Магия сама по себе не зло. Но, кажется, людям она ужасно вредит.

Пятница, 28 декабря 1979 года

К Кардиффу поезд подъезжал под дождем, и весь потрясающий иней в городе был смыт. Тетушка Тэг не встречала меня на вокзале. Я подумала, наверное, она слишком обиделась, что я не приехала помогать на Рождество, и не хочет меня видеть. Я вышла со станции, зашагала к автобусной остановке, к автобусу до долины, и тут спохватилась, что у меня по-прежнему всего 24 пенса, две монетки по десять и две по два в кошельке – большие, как тележные колеса, и такие же бесполезные. Я ломала голову, где взять еще денег. У меня на почте лежит несколько фунтов, но чековую книжку я с собой не брала. И людей, у которых я могла бы попросить в долг, не было на кардиффском вокзале среди дождливого дня. А моя дурацкая нога опять разболелась, как дура. К счастью, я не дошла до решения голосовать на дороге – я так делала, но только когда сбежала. На стоянке разворачивалась оранжевая машинка тетушки Тэг. Я захромала к ней, спеша перехватить, пока она не опустила в счетчик плату за стоянку. Она мне очень обрадовалась и не корила. Она считала, что я приеду следующим поездом. Я подумала, что успела раньше, потому что тетя Антея оставила запас времени, чтобы проколоть мне уши.

Это второй раз – второй раз с побега, когда меня не встречают с поезда, и я понимаю, что сама не справлюсь. Надо положить этому конец. Нужно быть организованней и иметь при себе больше денег. Держать в сумочке деньги на крайний случай. Как только получу, отложу самое малое пять фунтов. И, возможно, стоит держать фунт в кошельке на случай, если остальное истрачу или потребуется не так много. И, может, стоит опять начинать копить на побег, просто на всякий случай. Хорошо было бы, чтобы жизнь устроилась и не пришлось бы бежать, но, если смотреть правде в глаза, до этого еще далеко.

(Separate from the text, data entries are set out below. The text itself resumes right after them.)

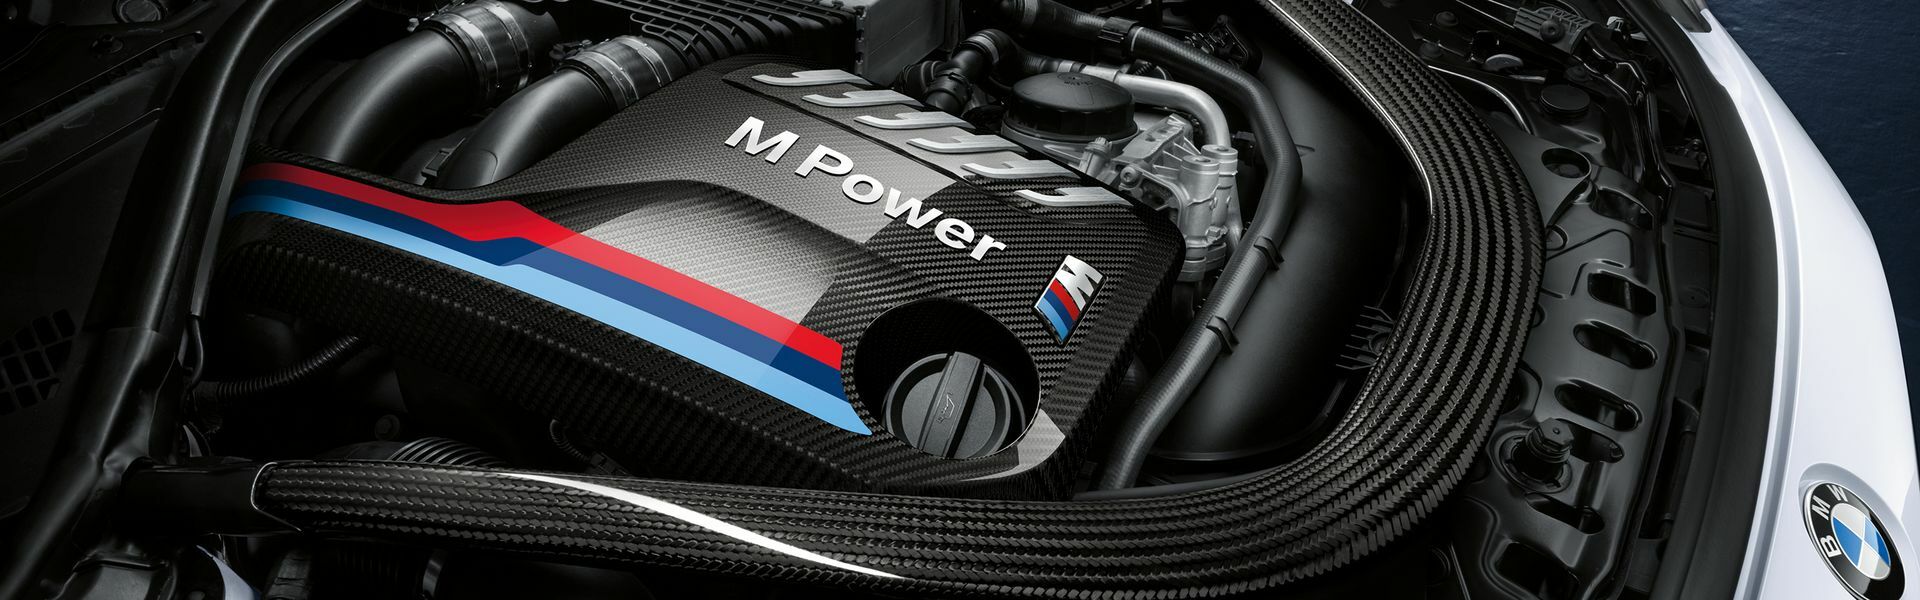 Zvýšení výkonu/ Softwarové úpravy/ Drobné performance díly pro automobil BMW M6 E63, E64
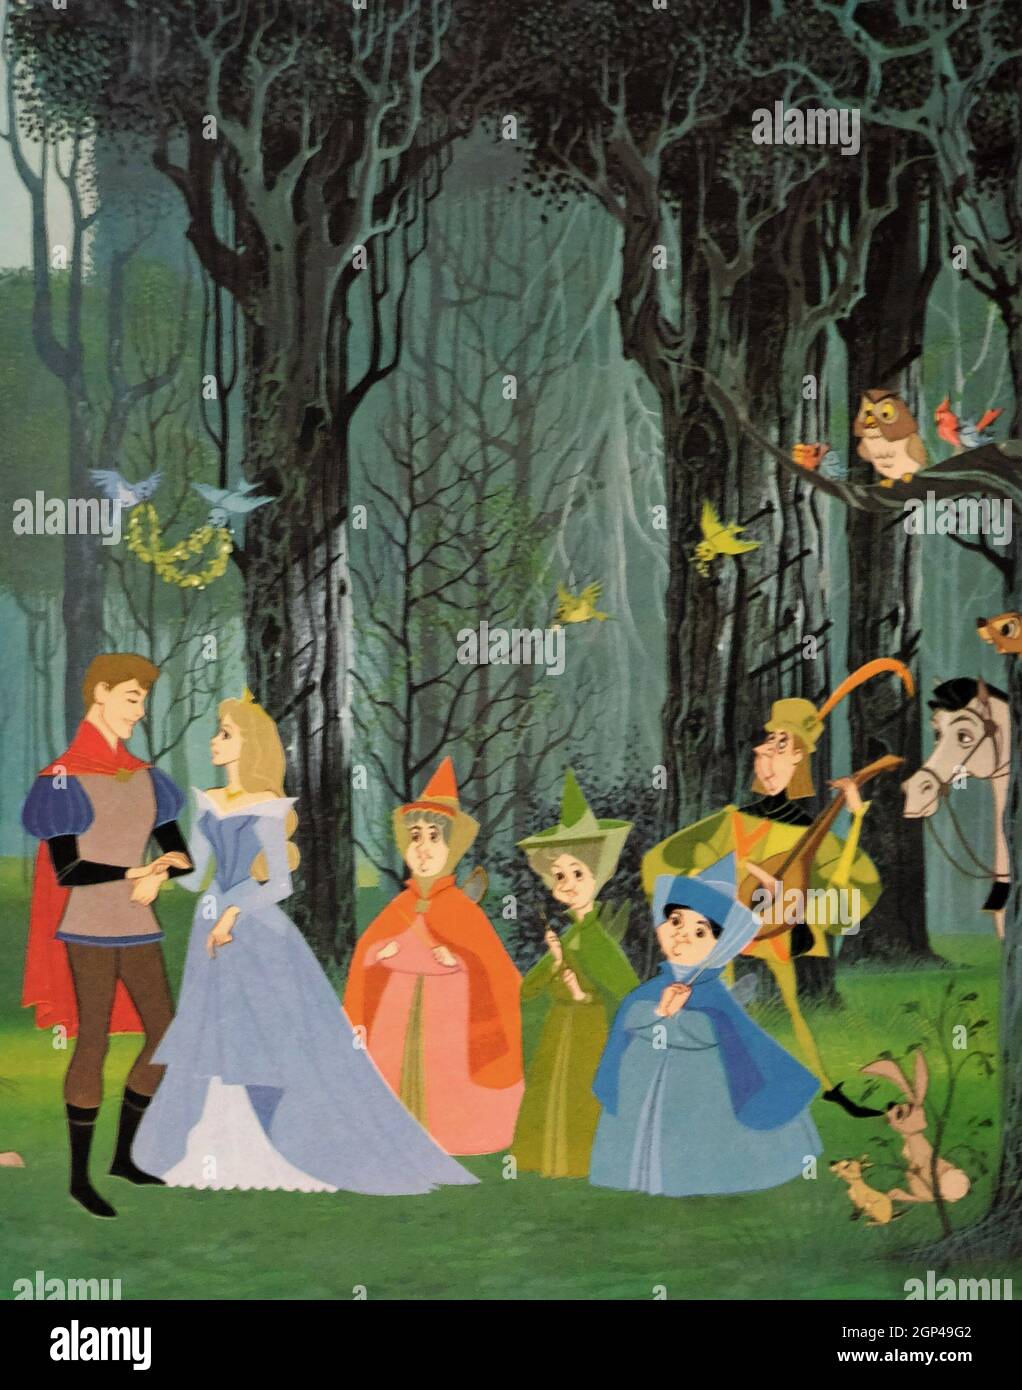 LA BELLEZA DEL SUEÑO, de izquierda a derecha, el príncipe Phillip (con la  voz de Bill Shirley), la princesa Aurora (con la voz de Mary Costa), Flora  (con la voz de Verna
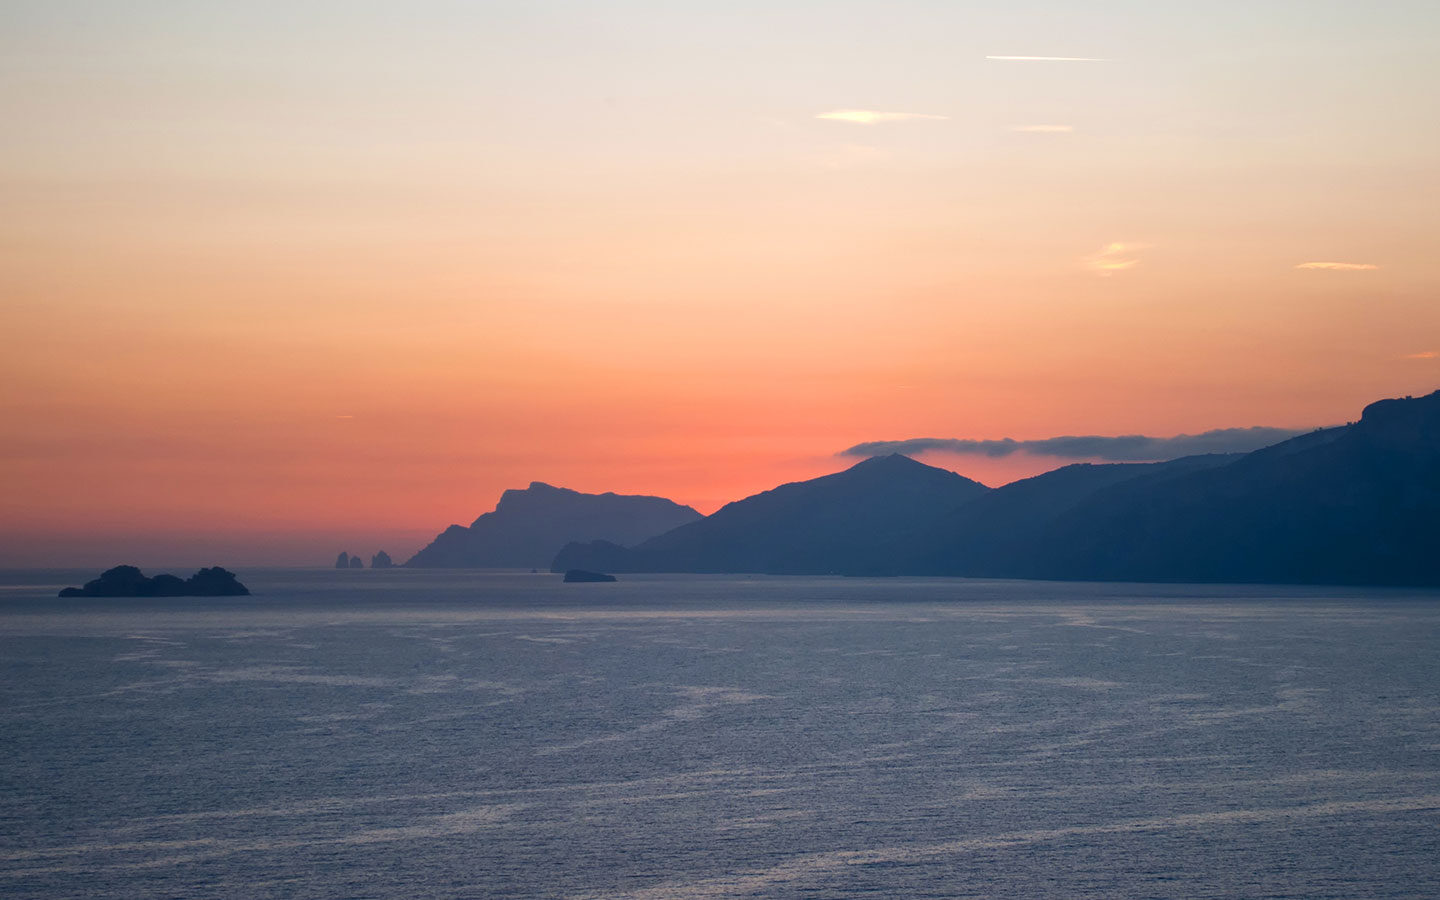 Sunset over the Amalfi Coast

Тетушка Тэг живет в маленькой современной квартире в чистеньком квартале. Его весь построили, по-моему, лет десять назад. В нем есть изогнутая торговая улочка с жуткой булочной и дома на шесть квартир, трехэтажные, с газонами между ними. Ее квартира в среднем. Тут не так… в смысле, не хотела бы я здесь жить. Все очень новенькое, чистенькое и модное, но без своего характера, и все комнаты прямоугольные, и потолки очень низкие. Думаю, тетушка Тэг выбирала жилье себе по карману и в районе, безопасном для одинокой женщины. Или, может, ей хотелось иметь собственное жилище, совсем не похожее на родной дом: с современной обстановкой и без волшебства. Она всегда, логично и разумно, ассоциировала магию, фейри и все такое с моей матерью, которая четырьмя годами старше нее. Поэтому тетушка Тэг не желала иметь с ними дела – так же, как с Лиз. Она живет сама по себе, с красивой, но невероятно избалованной кошечкой Хурмой. Хурма прыгает с подоконника на козырек над входной дверью, а оттуда на землю. А вот обратно ей этим путем не вернуться, она поднимается по лестнице и мяукает под дверью.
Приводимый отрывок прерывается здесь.